Welcome to another edition of Ask ARSE, where our followers probe us for answers about the deep unknown.
Today's question is from a follower in our official Australian Space Society about the big, slender tubes that penetrate the atmosphere and venture into the murky womb of space.
"Hi ARSE, I watched the Starship test launch you posted. Thanks for that. I was wondering how the Starship stacks up against the shuttle rockets?" - Garth, 32
Hi Gareth and thank you for inquiring about the future and history. We often think about pointy bois from the past and think about how far we've come.
This is a great question and we can't wait to get started.
So let's go!
The most obvious difference is the era they exist in. For Saturn V, it was the 1960s and NASA using subcontractors with the available technology at the time.
Starship has only begun its potential era in space exploration. We'd say it hasn't 'found its feet yet' because it literally hasn't landed without crashing yet, but we won't. Because that pun is too easy.
The Saturn V rockets burned a fuel called Kerolox - a hybrid of liquid oxygen and kerosene - during the first launch stage within our atmosphere. For the second and third launch stages, a hybrid of liquid hydrogen and liquid oxygen - called Hydrolox - is used in space.
SpaceX's Starship has an ace-in-the-hole; Methalox, a mix of liquid methane and liquid oxygen. The unique feature of Methalox is it burns in both first and second stages without switching fuel types. Plus, there is no third stage needed with SpaceX tech.
This simplifies the launch process two-fold: only one fuel type is needed and only two stages to journey into space.
“There is no other rocket engine capable of producing as much energy out of liquid methane and liquid oxygen as the Raptor engine,” says Tim Dodd, an industry expert who runs the popular Everyday Astronaut YouTube channel. “And making it more reusable with little to no refurbishment is the idea. That’s definitely going to help their business case if they can just fly over and over.”
The final bonus to using Methalox is reusability. As it stands, Starships first and second stages will be 100% reusable because both the first and second stages can be recovered and reused. Current projections say Starship can launch up to 1,000 times using Methalox.
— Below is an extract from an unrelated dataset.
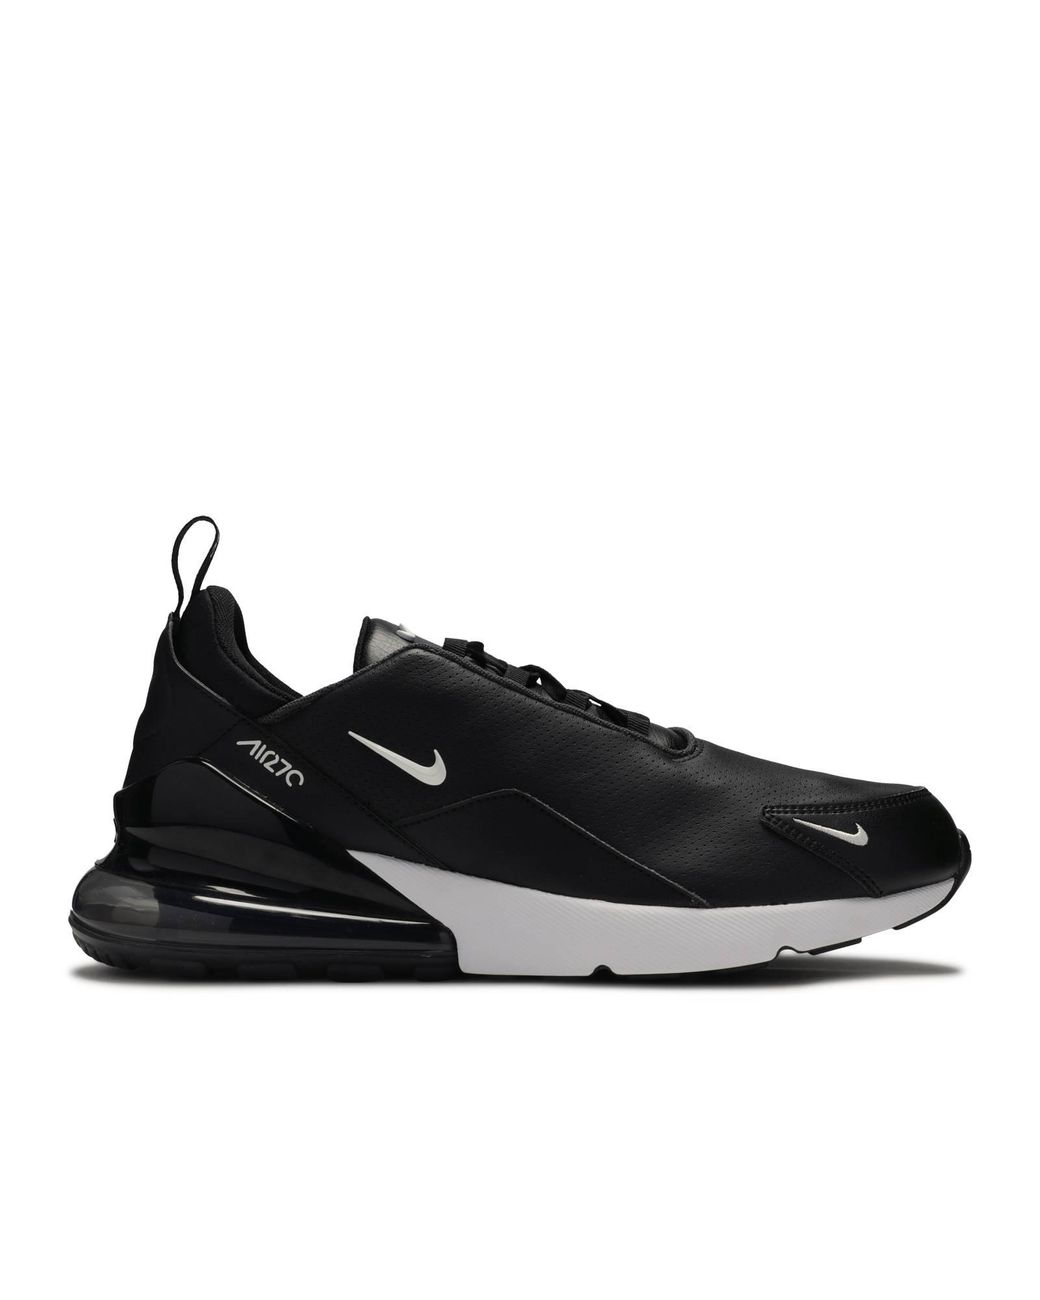 Nike Air Max 270 Premium Leather Sneaker in Black for Men - Save 49% - Lyst
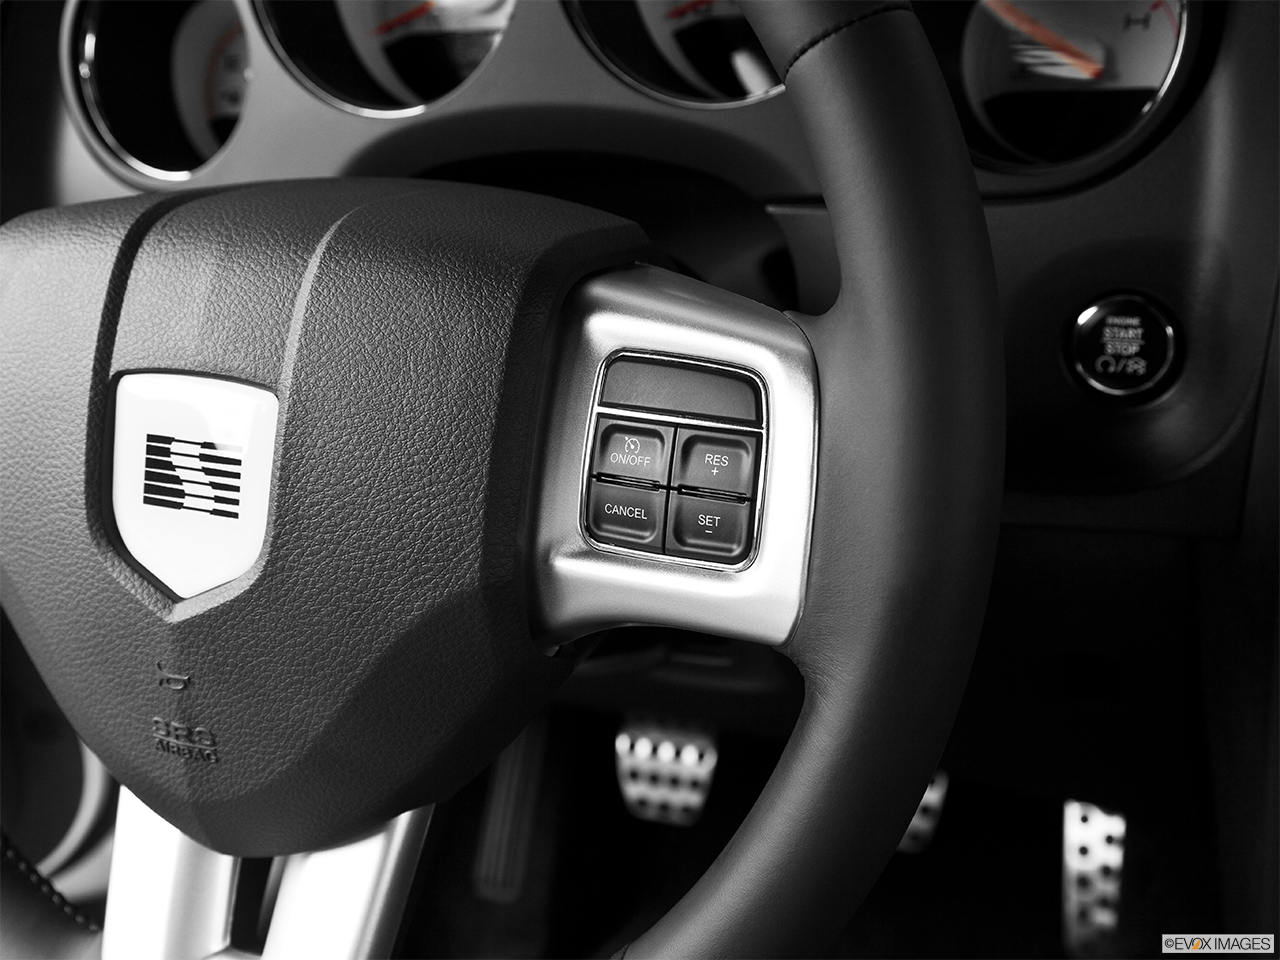 2014 Saleen 570 Challenger Label 570 Black Label Steering Wheel Controls (Right Side)

But we'll reserve judgment until we see for ourselves.
Shuttles from the mid-20th century were expendable, even though NASA did propose to recover the first stage.
The Saturn V rocket is still considered one of the most powerful rockets ever with approximately 3.4 million kg of thrust.
Impressive, but how does Starship potentially stack up?
If all goes to plan, Starships will be more than twice Saturn's by packing around 7.3 million kg of thrust! And that's just on its first stage. This number is with the projected maximum of 37 engines. However, even with the minimum number of engines to get to orbit (24), Starship will still be more powerful than the Saturn V.
With both spacecraft side by side in full-stack (all stages applied like a launch) Starship towers over all rivals, including the Saturn V. If true, and Starship resembles the diagram above when complete, it will be the tallest rocket in the world at full-stack.
As mentioned in point number 1, Saturn V was built by various companies under a subcontractor agreement to NASA.
The following is a list of contractors who worked on various Saturn missions:
Boeing built the first stage rocket on S-IC
North American Aviation built the second on S-II
Douglas Aircraft Company the third on S-IVB
Rocketdyne built the F1 first stage engine & J2 second & third stage engines.
Where Starship differs?
It is thoroughly a SpaceX venture.
All of the major components of Starship - from the first and second stage to the engines - are designed, developed, and manufactured by SpaceX itself.
Even NASA has outsourced to SpaceX as they have historically done. With the list of subcontractors above, we can see how one lone bill could be appealing.
Thanks for joining us in another edition of Ask ARSE.